One time the Indens lived in a duplex "right across from Perfection Ice Cream," he said. He also lived on 4th Street and Lynd where the Lyon County Retirement Home is now.
Eventually, the family bought a "little house in the Soucy Addition," he said. "The house is rundown now. My dad built the garage and it's still standing."
On May 25, 1942, Inden was drafted. He chose the Coast Guard - "a buddy joined the Coast Guard...," he said of why he chose that branch of the service.
He was in the Coast Guard "two months short of four years," he said. He was released in March 1946.
During those four years, Inden spent 18 months in Greenland. The Coast Guard had a base there in addition to an Air Force base. In Greenland, Inden was an apprentice seaman.
"The wind was 155 mph," he said. "There was no grass, no trees. The gravel would blow off the roads. There were long, low barracks. We would anchor them down."
The men would dig holes, called dead men, "like a grave" and put timbers in them to anchor down the barracks.
Inden eventually became a 1st Class seaman.
"It didn't mean anything because I was not on a ship," he said.
When Inden got back to Marshall, he had to look for a job.
"Oliver Bussard was the city clerk and then the mayor (1959-60).
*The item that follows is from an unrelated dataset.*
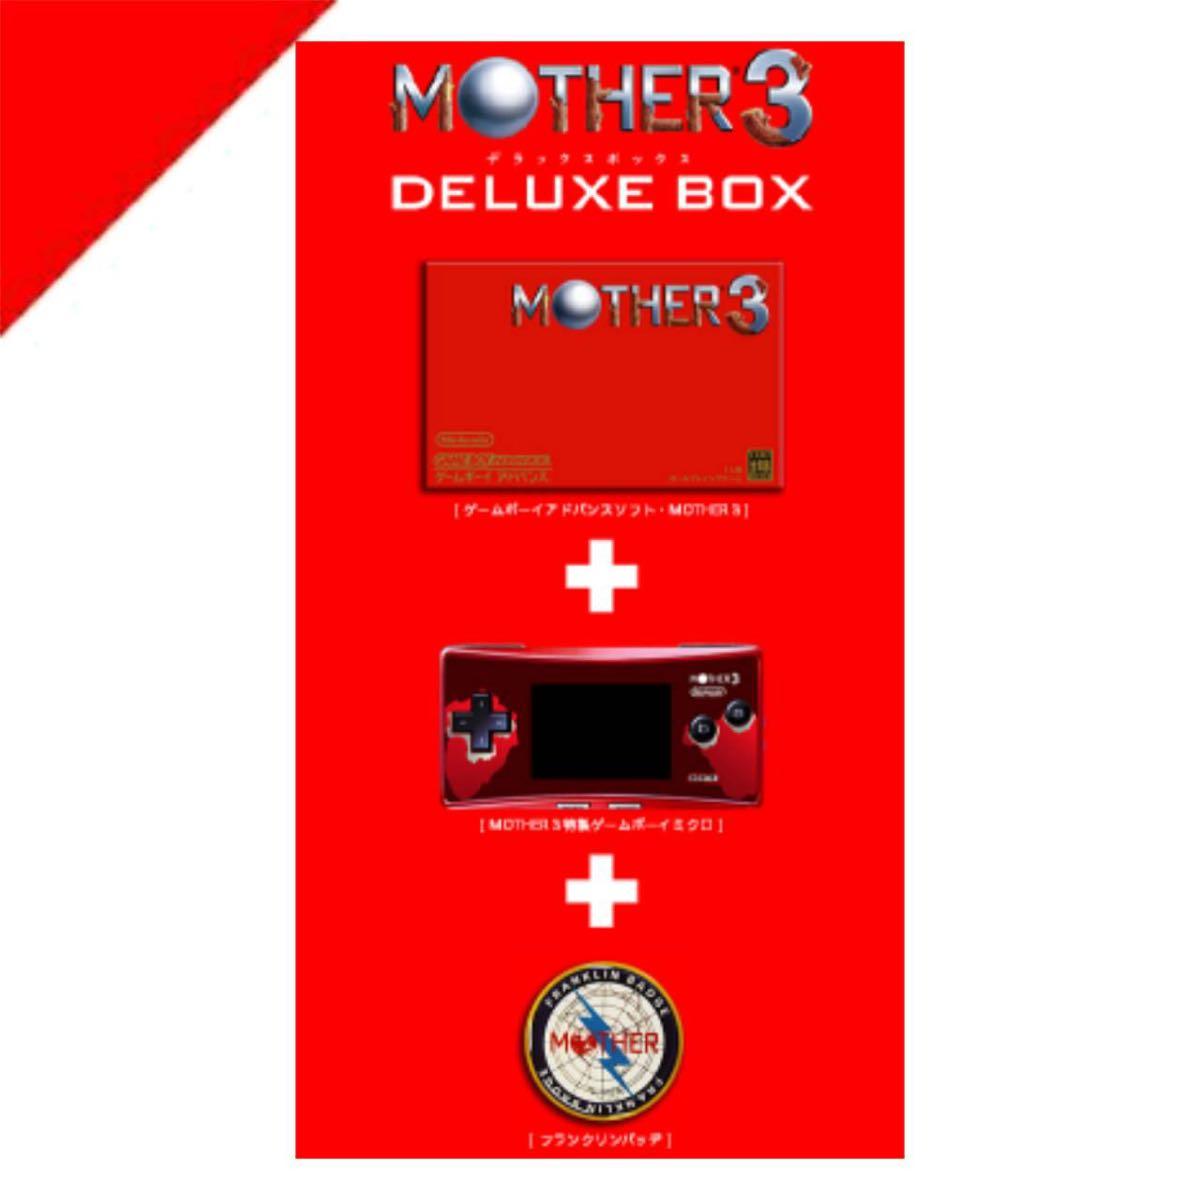 未開封品/任天堂/MOTHER3(マザー3) DELUXE BOX/ゲームボーイ ミクロ(GAME BOY micro)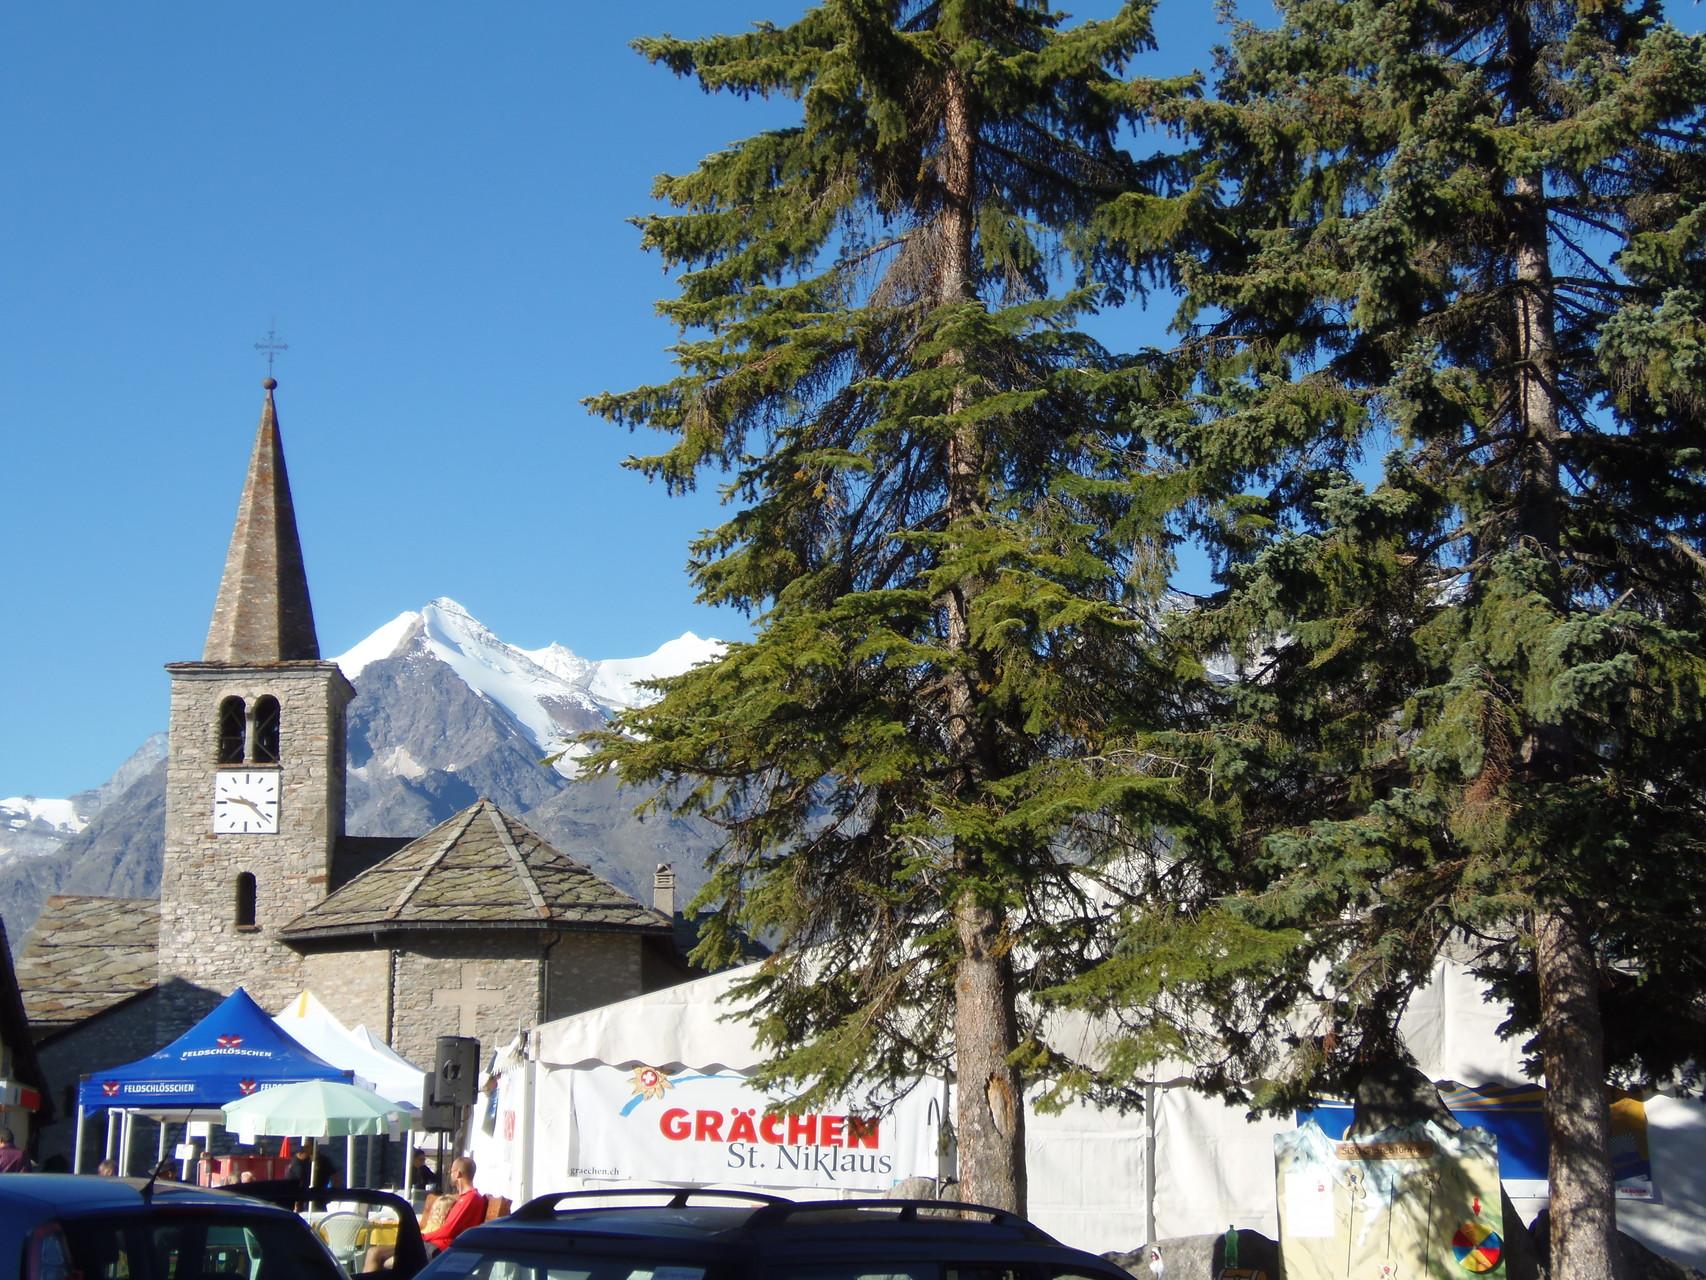 14. Ländler- und Folklorefest Grächen

I'd known him all my life. He said to see him for a job, but there were no openings at that time."
Later, Bussard got him a job with the highway department, where Inden worked for 36 years, retiring in 1982.
Inden also worked as an extra projectionist when he got back from service.
For recreation, Inden got his pilot's license and flew Cessnas.
"I flew for 20 years, just for my own amusement," he said.
He was 46 when he married a widow, Maxine, who had four children.
"I don't know what I'd do without them," Inden said of the children.
Max is gone now, but Inden stays busy researching his family's history, e-mailing old friends via WebTV and listening to his collection of music from the 1930s, 1940s and 1950s. A favorite is the Mills Brothers, "Hey, Good Lookin'."
"I have a big phonograph that I just bought at Shopko," he said. "I can play 331/3s, 45s, 78s, tapes and CDs. I can transfer everything to CDs."
With the police scanner still crackling in the background, Inden put on Roger Miller's "King of the Road" to demonstrate a newly-burned CD of a classic song.